Um. A associação adopta a denominação de «Casa de Portugal em Macau», em chinês 《澳門葡人之家協會》, e em inglês Macau «Casa de Portugal» Association.

Dois. A Associação é uma pessoa colectiva de direito privado, sem fins lucrativos, dotada de personalidade jurídica, que se rege pelos presentes estatutos e pela legislação aplicável na RAEM.

Três. A Associação durará por tempo indeterminado, contando-se o seu início a partir da data da sua constituição.

 

Artigo segundo
(Sede)

Um. A Associação tem a sede em Macau, na Rua Pedro Nolasco da Silva, n.º 28.

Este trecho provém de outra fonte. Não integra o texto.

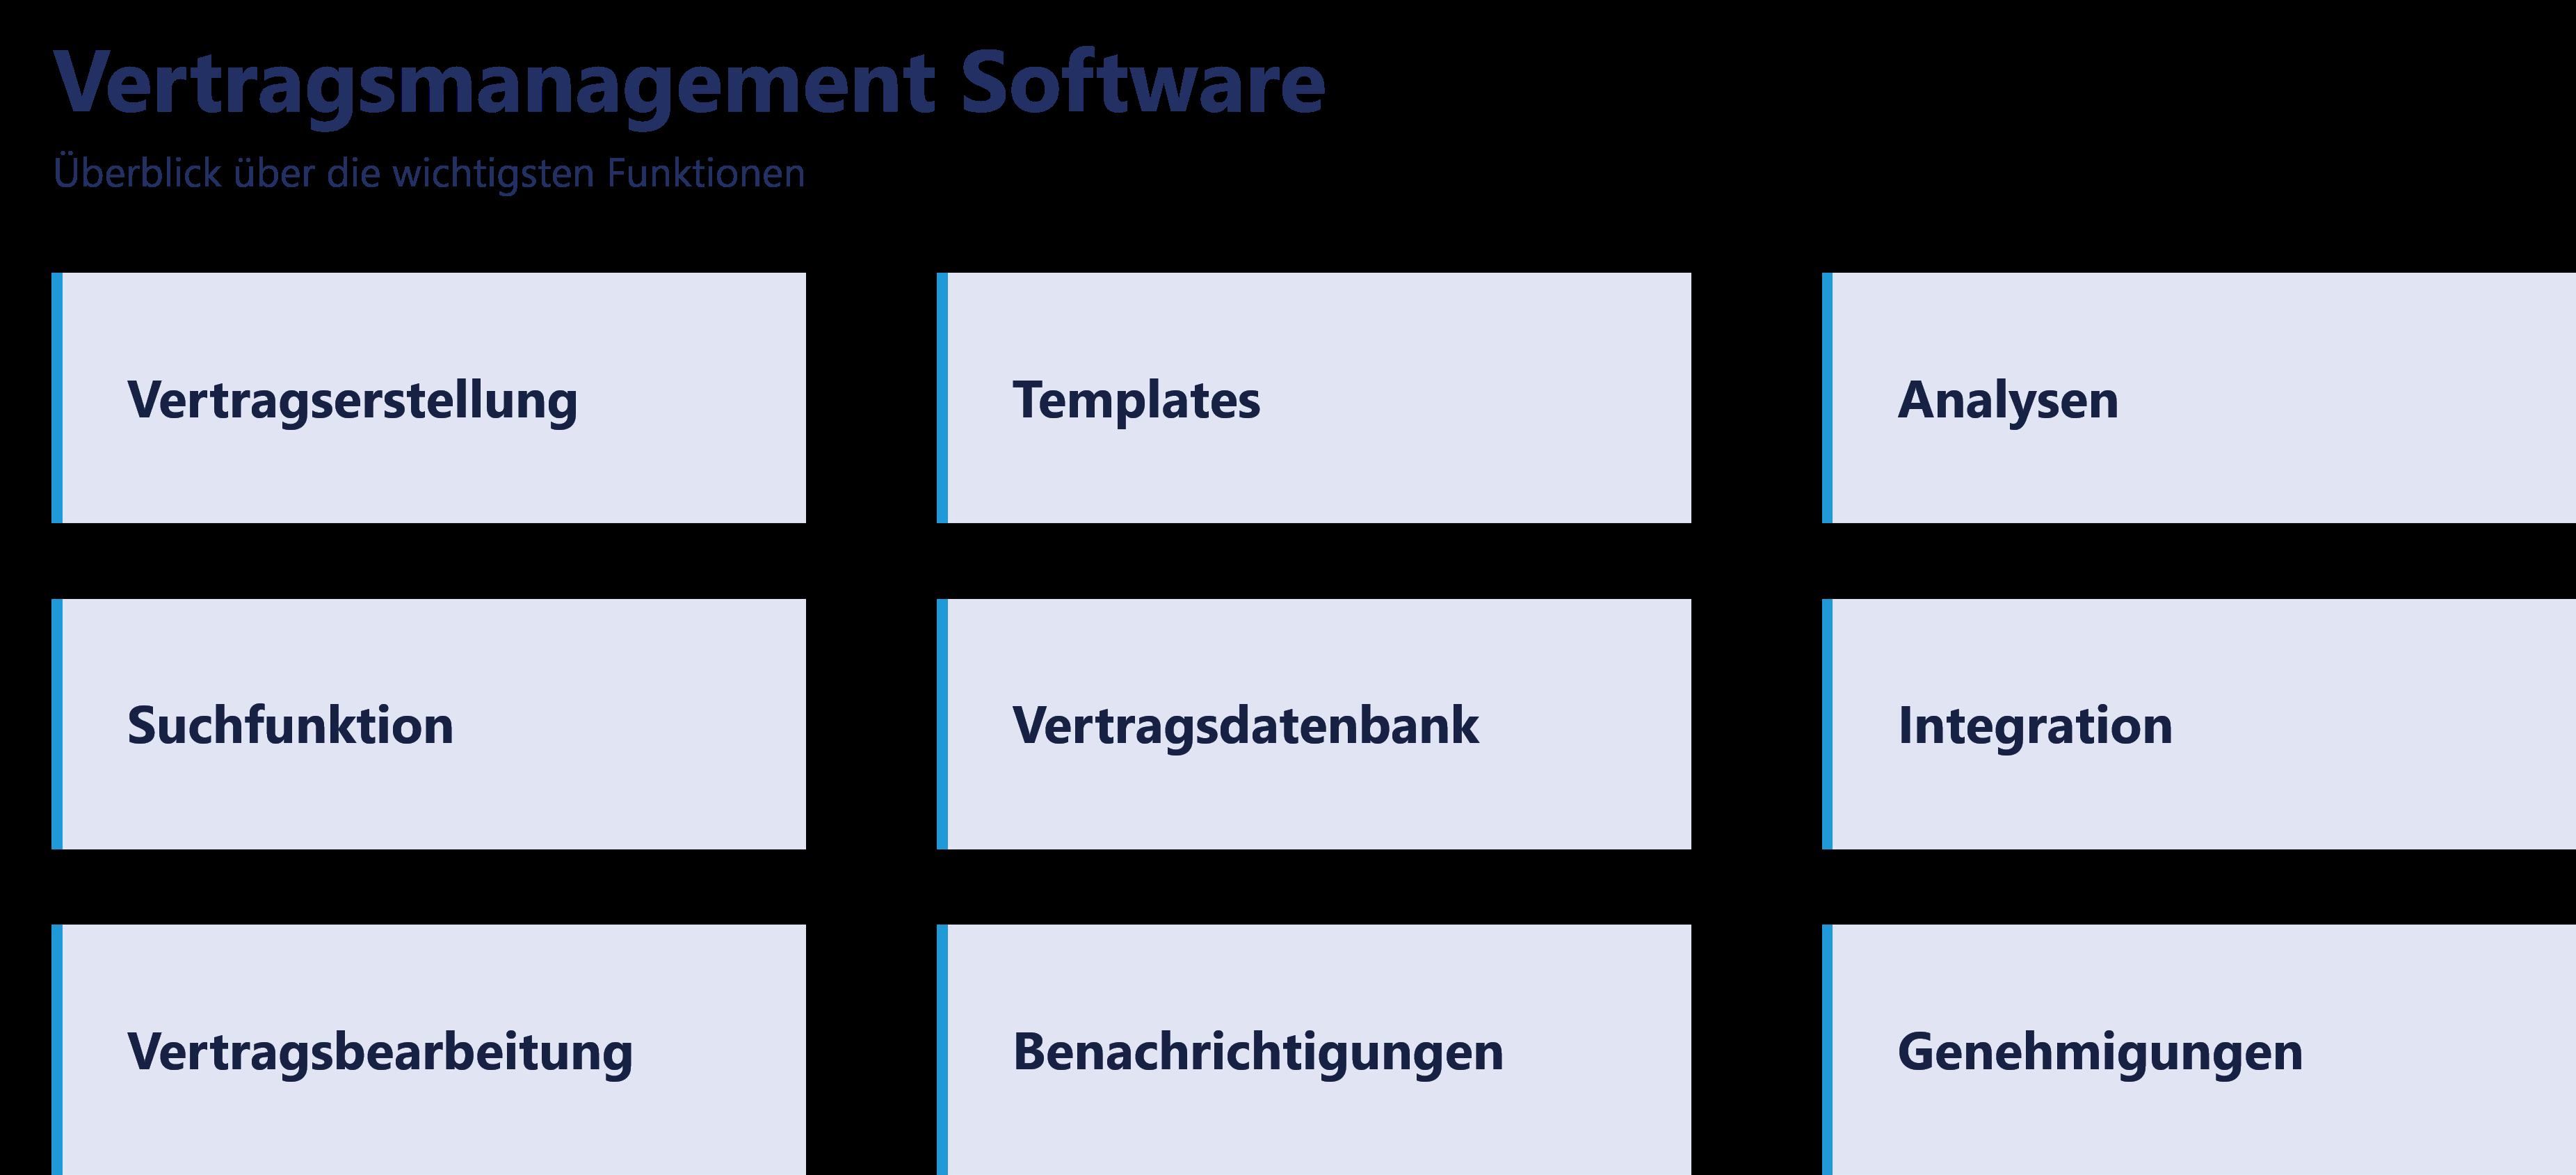 Darstellung - Funktionen einer Vertragsmanagement Software
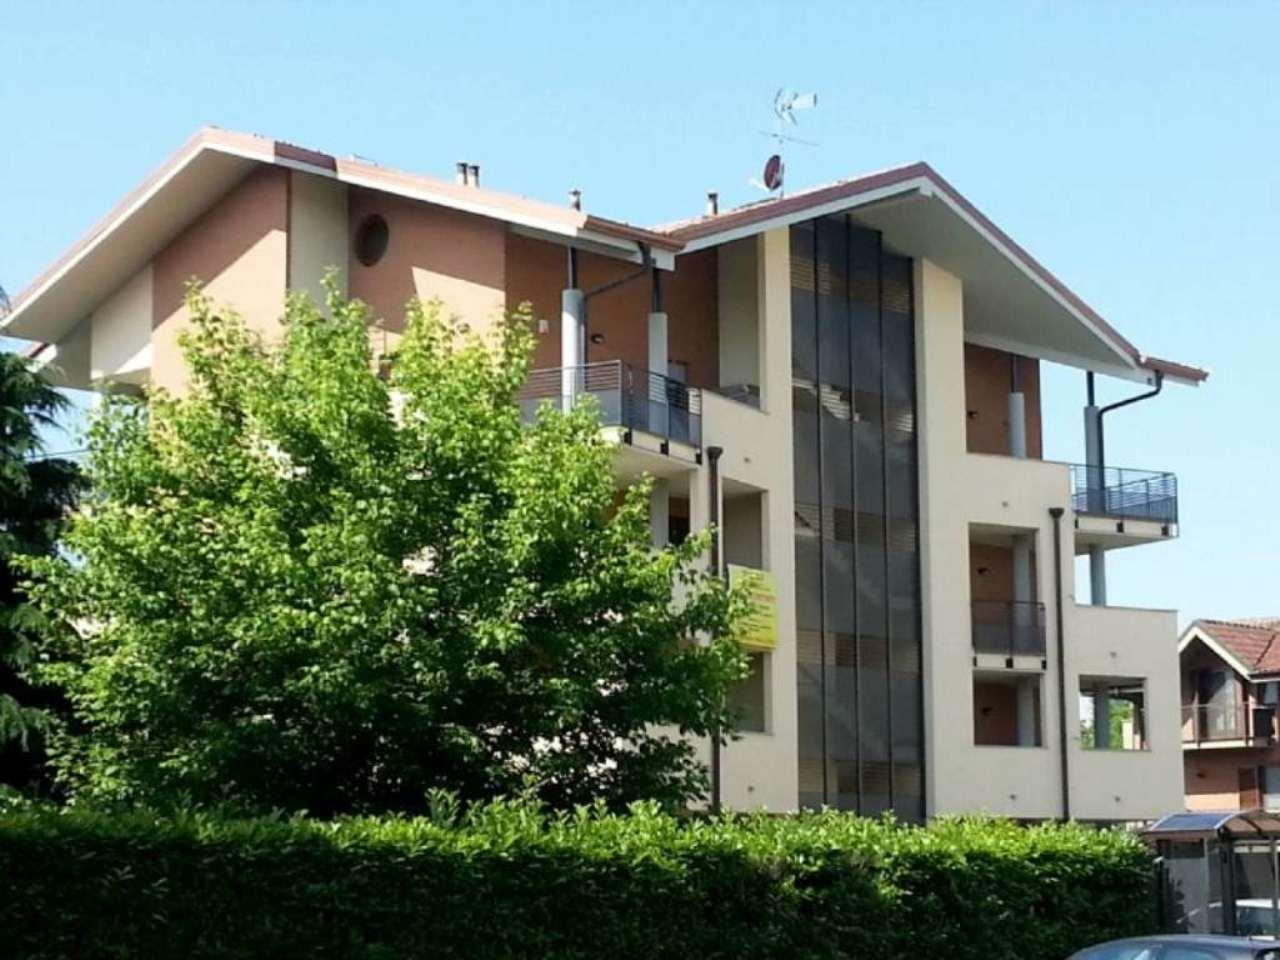 Appartamento in vendita a Trofarello, 2 locali, prezzo € 145.000 | CambioCasa.it

Dois. A sede da Associação poderá ser transferida por deliberação da Direcção para qualquer outro local, em Macau, podendo ser criadas delegações ou outras formas de representação em qualquer outro local.

 

Artigo terceiro
(Fins)

A Associação tem por fins:

a) Defender e promover os interesses da comunidade portuguesa;

b) Zelar pela preservação da identidade da comunidade e do seu património cultural, nomeadamente da língua e cultura portuguesas;

c) Assumir a sua dimensão cívica e pugnar pela defesa dos direitos consignados na Lei Básica quanto à comunidade portuguesa;

d) Contribuir para o desenvolvimento da RAEM;

e) Constituir-se como parceiro social institucionalizado que possa ser voz activa e interlocutor privilegiado, na procura de soluções para os problemas específicos que afectem a comunidade portuguesa em Macau, junto das autoridades da RAEM e junto do Governo Português, nomeadamente através do Consulado Geral em Macau;

f) Promover a solidariedade entre os membros da comunidade portuguesa em Macau;

g) Fomentar a cooperação com as demais comunidades residentes em Macau, o conhecimento mútuo das respectivas culturas, a solidariedade entre os seus membros, nomeadamente com as restantes comunidades de língua portuguesa, residentes ou não;

h) Promover o incremento das relações e dos laços de cooperação com Portugal, Europa, países lusófonos, República Popular da China e também com as associações congéneres de portugueses espalhadas pelo mundo;

i) Criar núcleos de acção cultural e de formação que se mostrem adequados à permanente valorização das competências e saberes dos membros da comunidade portuguesa, abertos a todas as outras comunidades;

j) Fomentar o espírito associativo junto das camadas mais jovens da comunidade portuguesa, incentivando a organização de estruturas juvenis dentro da Associação;

k) Promover o desporto no seio da comunidade portuguesa e incentivar os atletas a participarem na vida desportiva da RAEM e a competirem em diferentes modalidades, criando para tal o Grupo Desportivo da Casa de Portugal.

 

CAPÍTULO II
Dos sócios, seus direitos e deveres

 

Artigo quarto
(Sócios)

A Associação tem as seguintes categorias de sócios:

a) Sócios fundadores;

b) Sócios efectivos; e

c) Sócios jovem; e

d) Sócios honorários.

 

Artigo quinto
(Sócios fundadores)

Todos aqueles que tenham aprovado os estatutos em Assembleia Geral Constituinte e que, no prazo de 30 dias a contar da referida Assembleia Geral, tenham manifestado formalmente a sua adesão e pago a jóia de sócio fundador, têm o direito à designação de «sócio fundador».

 

Artigo sexto
(Sócios efectivos e sócios jovem)

Podem ser sócios efectivos da Associação todos os portugueses residentes em Macau. Os menores de 18 anos integram a categoria de sócio jovem.

 

Artigo sétimo
(Sócios honorários)

Um. Podem ser sócios honorários as pessoas singulares ou colectivas de reconhecido mérito ou que prestem serviços relevantes à Associação.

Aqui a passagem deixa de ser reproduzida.